大阪都構想が必要な表向きの理由としては、二重行政の解消におけるムダを削減することです。

しかし表向きには公表されていない理由の1つに、大阪市にある夢洲をIRの誘致先として住民側の意向を反映せず候補地に決定したい狙いがあるからといえるでしょう。 

前回の住民投票で大阪都構想が否決された理由  

大阪都構想が前回の住民投票で否決された理由は、経済効果が見込めない点と堺市長選挙で敗北した点が理由として挙げられます。

大阪都構想がもたらす経済効果は4000億円といわれていましたが、その内訳に大阪都構想でもたらせる効果とは関係のない名目があり、住民側の期待値が下がったことが理由といえます。

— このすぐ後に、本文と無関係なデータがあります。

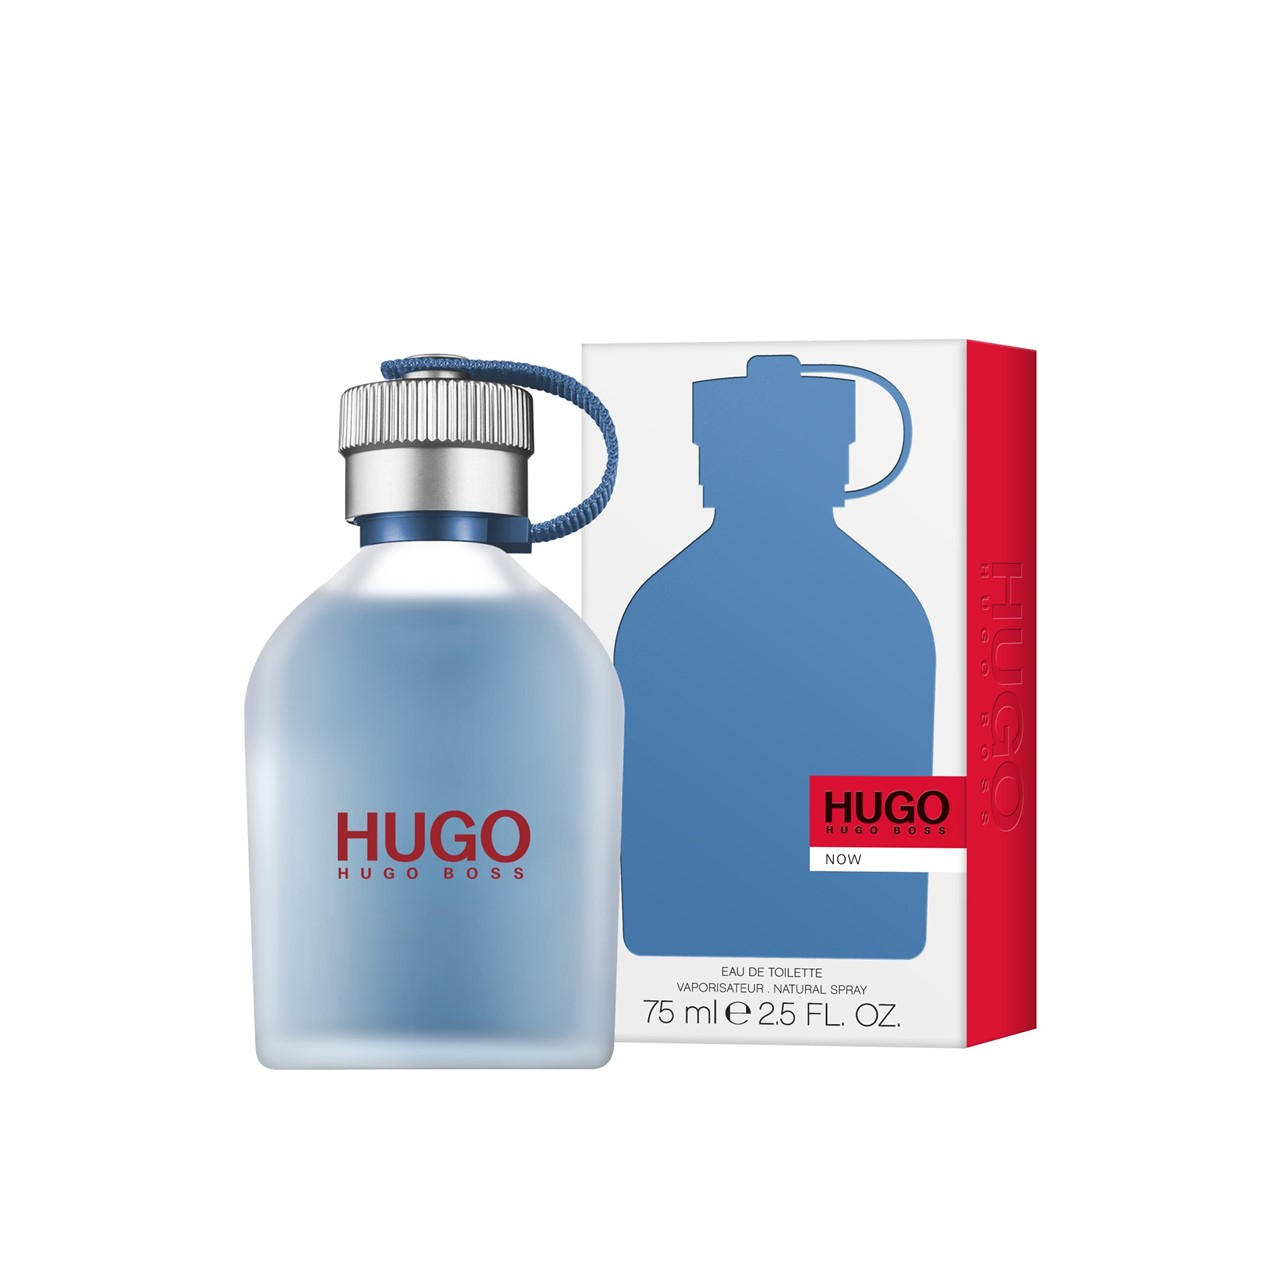 Hugo Boss Hugo Now Eau de Toilette 75ml (2.5fl oz)

また、大阪都構想の特別区として編成予定だった同じ政令指定都市の堺市長選挙で敗北したため、大阪都構想のイメージが悪くなったことも、否決につながった理由といえるでしょう。 

大阪都構想がコロナ禍でも推し進めたい理由  

コロナ禍の中で住民投票を推し進めたい理由は、IRの候補先がこの先複数上がる前に、夢洲を候補地に決定させておきたい狙いがあるためであるといえるでしょう。

すべては、IRと万博をセットで推し進めたい大阪維新の会の思惑を具現化するための布石といえます。 

大阪都構想反対派の理由  

大阪都構想に反対している意見は多数あり、100人程度の学者が反対しております。

挙がっている意見のほとんどで、行政サービスの低下が叫ばれています。

また、二重行政の解消を目指すための大阪都構想にもかかわらず、結果的に二重行政が解消されていない構造になっていると指摘する意見も挙がっております。 

終わりに 

大阪都構想の実現するテーマとして掲げられている二重行政の解消は、政策の中身を知れば知るほど二重行政のテーマと逆行している部分もあります。

大阪都構想に限らず、推し進めたい政策の中身を知ることで、裏側にある真の狙いや意図が見えてくることでしょう。

政策の裏側の意図まで私たちが考えて政策を評価し、是非を判断できる1つのキッカケにしていただきたいと願います。